Prior to the submission of Special Counsel Robert Mueller’s final report over the weekend, the Democrat-led House had passed a non-binding resolution by a vote of 420-0 that called for the full and rapid release of that comprehensive report on Mueller’s findings.
Democratic Senate Minority Leader Chuck Schumer attempted on Monday to do likewise in the Senate, but his request for unanimous consent to agree with the House resolution was blocked by Republican Senate Majority Leader Mitch McConnell, according to a report from The Hill.
At first glance, it would seem that McConnell played right into the hands of his Democratic colleagues, as his blocking of the resolution drew sharp cries of outrage from the left and accusations that he was attempting to engage in a cover-up of the Mueller report.
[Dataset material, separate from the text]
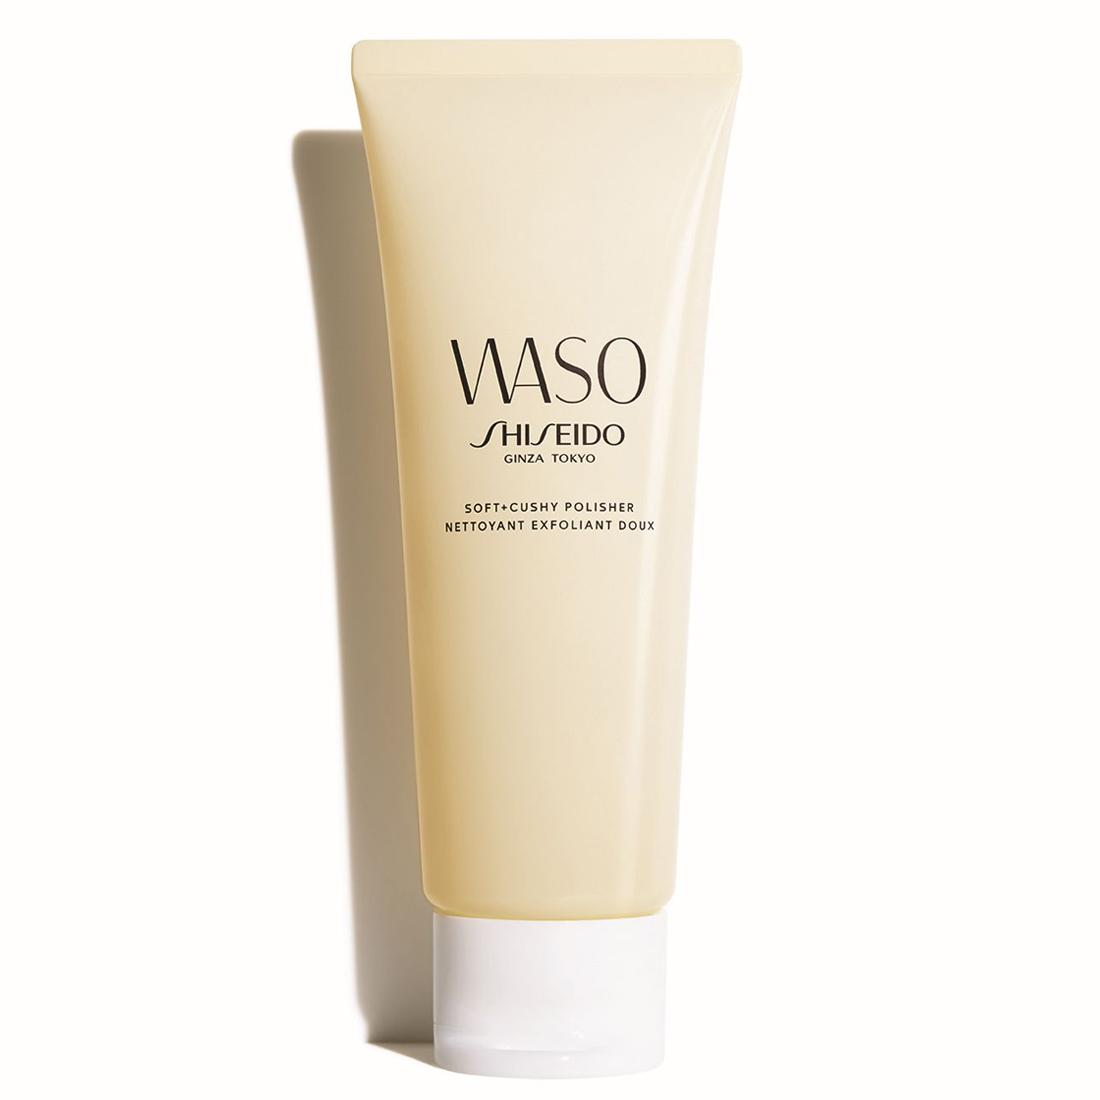 Waso Nettoyant Exfoliant Doux - Shiseido

This conveniently helped the left shift the narrative from the conclusion reached by Mueller that there was no evidence of collusion between the Trump campaign and Russia, as had been claimed ad nauseam for the past two years by prominent Democrats.
But those outraged cries of a cover-up were undermined by McConnell’s logical reasoning for blocking Schumer’s move at this point in time.
“Whether or not you’re a supporter of President Trump … there is no good reason not to make the report public,” Schumer said from the Senate floor. “It’s a simple request for transparency. Nothing more, nothing less.”
However, in keeping with Senate rules that allow any senator to call for a vote, and likewise allow for any senator to block the proposed vote, McConnell registered his objection to Schumer’s request.
The Republican leader offered up the fact that Attorney General William Barr had already made it clear that he was working closely with Mueller, as well as others in the Department of Justice, to determine as quickly as possible what information could be released publicly from the undoubtedly lengthy report, as per the law.
“The special counsel and the Justice Department ought to be allowed to finish their work in a professional manner,” McConnell said in his objection to Schumer’s request.
“To date, the attorney general has followed through on his commitments to Congress, one of which is that he intends to release as much information as possible,” he added.
Of course, Schumer was not too pleased with being blocked by McConnell, and insisted that there was no clause within the resolution that demanded the full report be released “immediately.”
“I’m sort of befuddled by the majority leader’s reasoning in this regard because it is not in the words of this resolution,” Schumer said.
McConnell countered that move by noting that President Trump had already waited two years for the investigation to be concluded, and similarly, Congress could wait a bit longer.
“It’s not unreasonable to give the special counsel and the Justice Department just a little time to complete their review in a professional and responsible manner,” he said.
Schumer knows that there is a standard process for releasing government documents to the public, one that takes time and careful consideration to ensure that no classified or sensitive material is unnecessarily released. His effort to demand the full report be released in rapid fashion was a transparent attempt to circumvent that normal process.
This was actually Schumer’s second attempt to force a vote on a resolution that would demand the expedited release of the Mueller report, his first attempt having come in the immediate aftermath of the House’s passage of their own unanimous resolution.
That first effort by Schumer, however, failed when Republican South Carolina Sen. Lindsey Graham offered an objection with a request of his own to add an amendment to the resolution.
That proposed amendment from Graham would have called for the appointment of a second special counsel to investigate alleged misconduct by the Department of Justice and FBI in the handling of the 2016 Clinton email investigation, as well as the dubious origins of the Foreign Intelligence Surveillance Act warrant obtained on Trump campaign associate Carter Page, which sparked the entire Russian collusion narrative.
Schumer was not on board with that proposed amendment. He and the rest of the Democrats demanding the rapid release of an unredacted version of the Mueller report will simply have to wait while Barr and the rest of the DOJ proceed with their review in a timely and conscientious manner, as is dictated by the law and standard procedures.